Disclosure of Invention
The invention provides a method and a device for predicting a dynamic social relationship network link, aiming at solving the technical problem of improving the accuracy of dynamic social relationship network prediction.
The prediction method of the dynamic social relationship network link based on the spatio-temporal relationship comprises the following steps:
acquiring dynamic social relationship data, and preprocessing the dynamic social relationship data to generate a sample set;
constructing a weighted similarity characteristic time sequence for any node pair in the sample set;
calculating the characteristic value of any node pair at the moment to be predicted by adopting a preset algorithm based on the weighted similarity characteristic time sequence to construct a characteristic matrix;
and inputting the characteristic matrix into a pre-trained classification model, and outputting possible links of the dynamic social relationship network at the moment to be predicted.

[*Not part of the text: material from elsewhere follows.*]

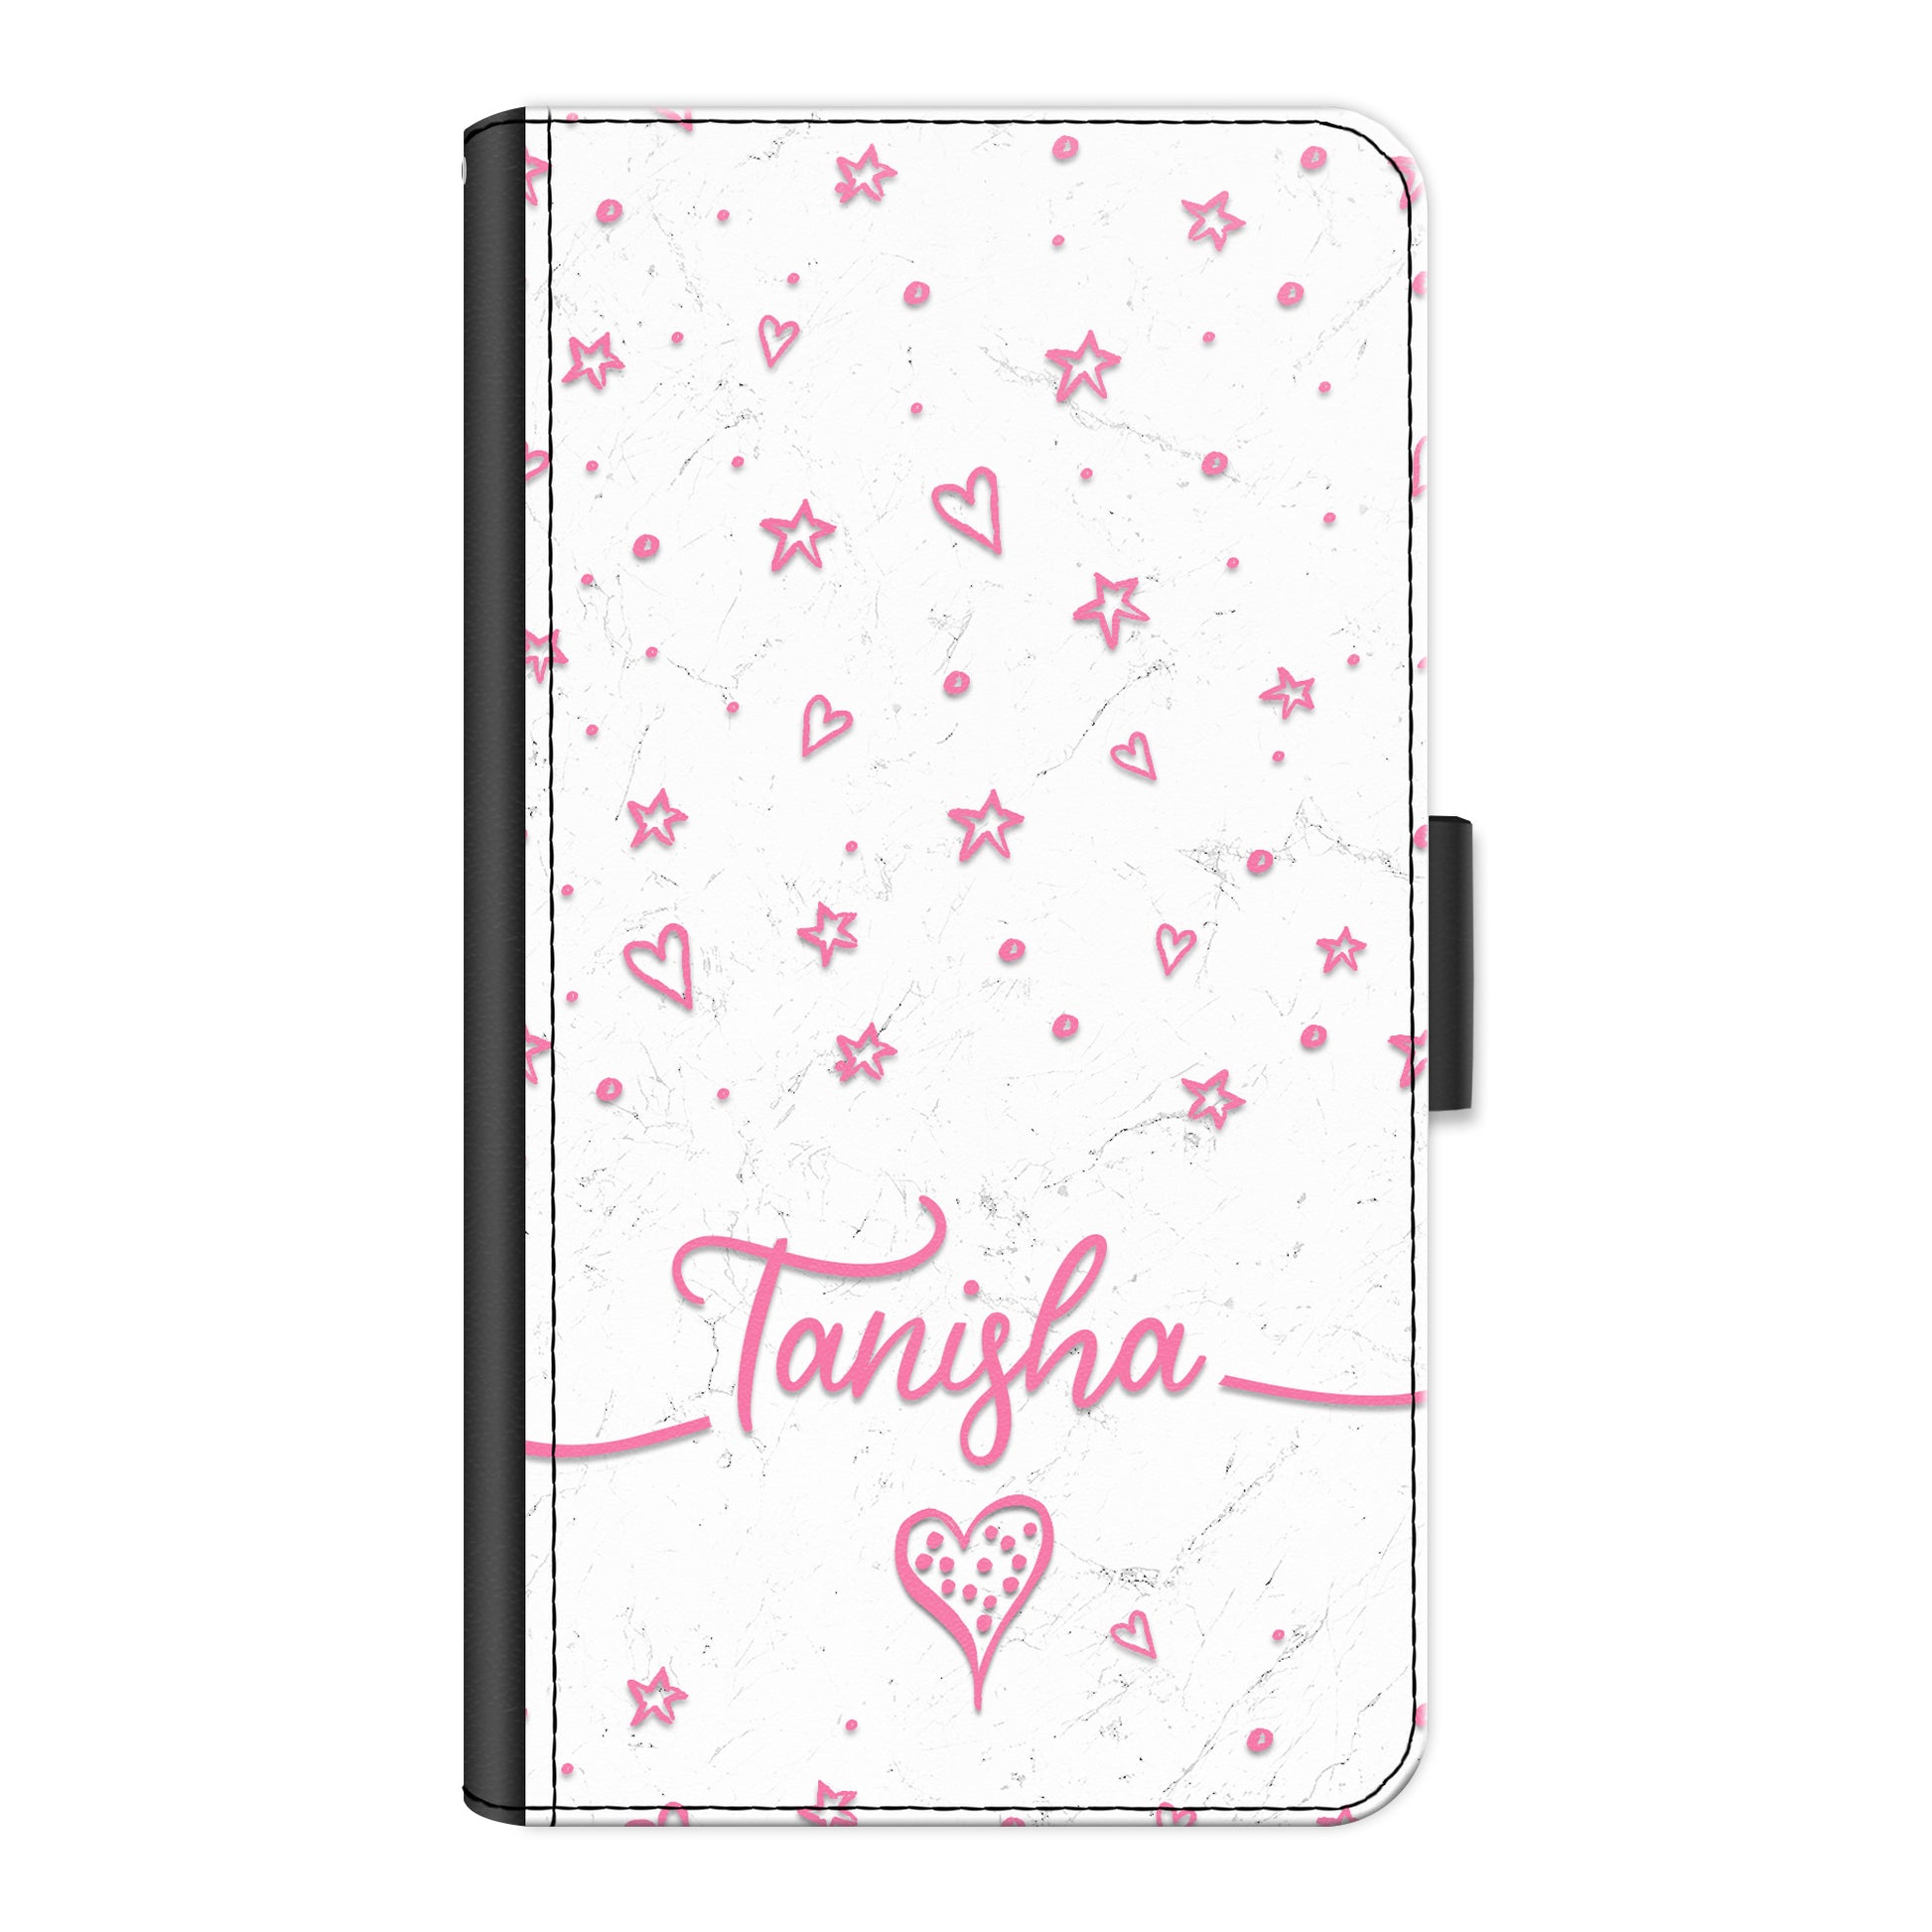 Personalised Oppo Phone Leather Wallet with Pink Stylish text, Stars and Hearts on White Marble

According to the prediction method of the dynamic social relationship network link based on the spatio-temporal relationship, provided by the embodiment of the invention, the characteristic time sequence of the dynamic network is established on the basis of the network topological structure characteristics and link generation time sequence information, so that the application range of the prediction method is expanded from a static network to a dynamic time-varying network. The invention introduces the weight into the link prediction problem, and better reflects the practical characteristics of the network. The invention integrates the network structure characteristics and the node link characteristics, and combines the statistical model and the supervised learning method, thereby being more suitable for the actual situation and having better prediction effect, and improving the accuracy of the prediction result.
According to some embodiments of the invention, preprocessing the dynamic social relationship data comprises: and dividing the dynamic social relation data into a plurality of sub-networks according to a preset time interval.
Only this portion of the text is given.